Industry cautions against lending freeze in wake of PNB fraud
The Indian industry called for better control systems to check financial frauds and also suggested gradual reduction in government holding in public sector banks
New Delhi: Lending to corporates should not be choked as a fallout of the Rs11,400-crore fraud at Punjab National Bank specially at a time when credit growth is about to recover and the economy set to grow at a higher pace, India Inc has cautioned.
The Indian industry called for better control systems to check financial frauds and also suggested gradual reduction in government holding in public sector banks (PSBs).
The Confederation of Indian Industry (CII) said government should lower its stake in PSBs to 33% gradually and adopt a twin strategy for tackling financial frauds, including better monitoring and supervision of banks and spread of best corporate governance standards.

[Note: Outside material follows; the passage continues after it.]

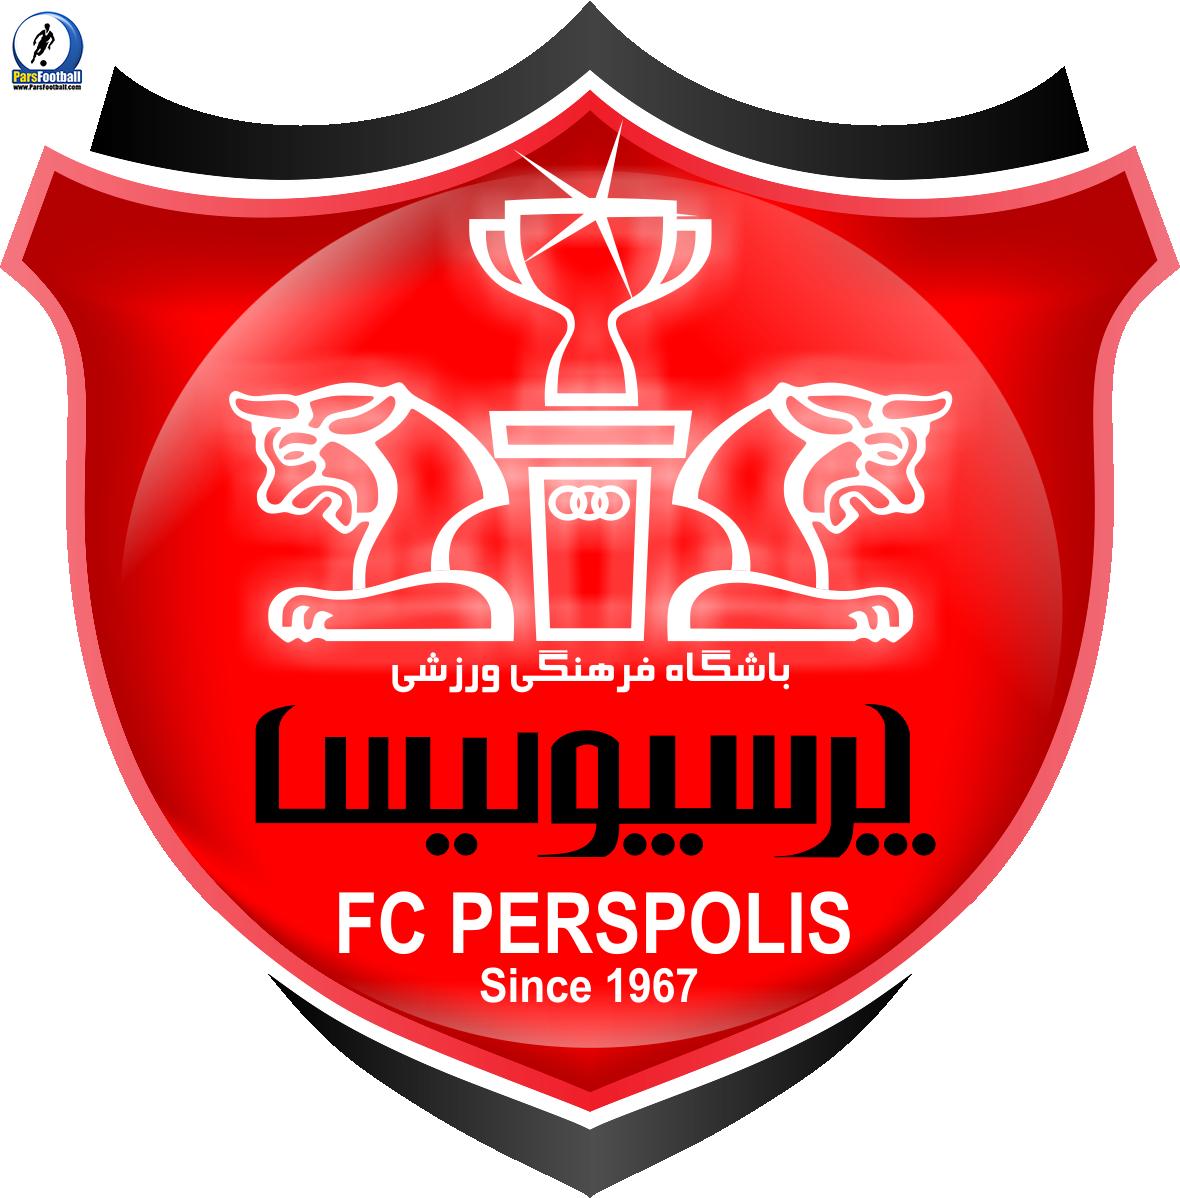 Perspolis

“Government, regulators and industry must act fast to address systemic risks in the financial sector. The three key solutions for the banking sector are better management and operational efficiencies, use of technology such as blockchain and big data analytics, and lowering government shareholding in public sector banks,” CII president Shobana Kamineni said in a statement.
Assocham cautioned against allowing the alleged fraud in the PNB to halt the entire system of corporate lending as demoralisation would set in among the top functionaries and employees of the state-owned banks.
It is something the country can ill-afford at a time when the credit growth was about to recover and economy was set to grow at a higher pace, Assocham said.
The CII president said financial malfeasance perpetrated by a collusion of unethical business entities and corrupt officials should not lead to a situation where funds to industry get choked.
“It is time for government to consider consolidation of PSBs and develop a few strong banks adhering to best standards in governance, accountability and transparency.
Currently, shareholdings of government have been rising with bank recapitalisation attempts, and these should be brought down to 52% at the earliest as intended by the government,” she said.
A roadmap could be announced for bringing Government stake to 33% in three to four years, CII said. Assocham secretary general D.S. Rawat said while long term solutions like privatisation of banks can be sought, the need of the hour is to rally around honest bank officers and honest business entities which have built trust on each other.
“Let one or a few black sheep not derail our financial system, which is resilient enough to withstand this kind of shocks, though ideally such jolts are better avoided and averted through systemic reforms,” Rawat said.
Citing January export data that showed a deceleration in growth even as the global economy is on uptick, Assocham said the prick up in the domestic economy would require higher imports.
“Thus, both imports and exports are key to our economy and we have come a long way in scaling up the inter-face between the government agencies and the trade over the years. It is time to correct the systems which had allowed the misuse and move on with the task of achieving higher economic growth,” Assocham said.
The industry said there is a need to strengthen internal systems of enterprises and adherence to regulatory norms in letter and spirit.
“While we need to ensure safe and sound functioning of the system and not allow loopholes like those in the PNB system of money or guarantee transfer, let banks not over-react and hit the trade and industry,” Assocham said.
As India is moving towards ‘ease of doing business’, the actions of a few fraudulent actors need not translate into more stringent regulatory norms for the entire industry sector when corporate governance structures are strictly followed, emphasised CII.
PNB is in troubled waters ever since it announced last week about detection of fraudulent transactions of Rs 11,400 crore from its systems by the use of unauthorised Letter of Undertakings issued by few of its employees in connivance with rich diamond jewellery designer Nirav Modi, his uncle and owner of Gitanjali Gems Mehul Choksi and associate firms to access loan from foreign branches of other Indian banks.
The authorised loan through issuance of fake LOUs was happening since 2011, PNB has said besides registering an FIR. A multi-probe investigation has already been launched into the matter including from the Enforcement Directorate and the CBI.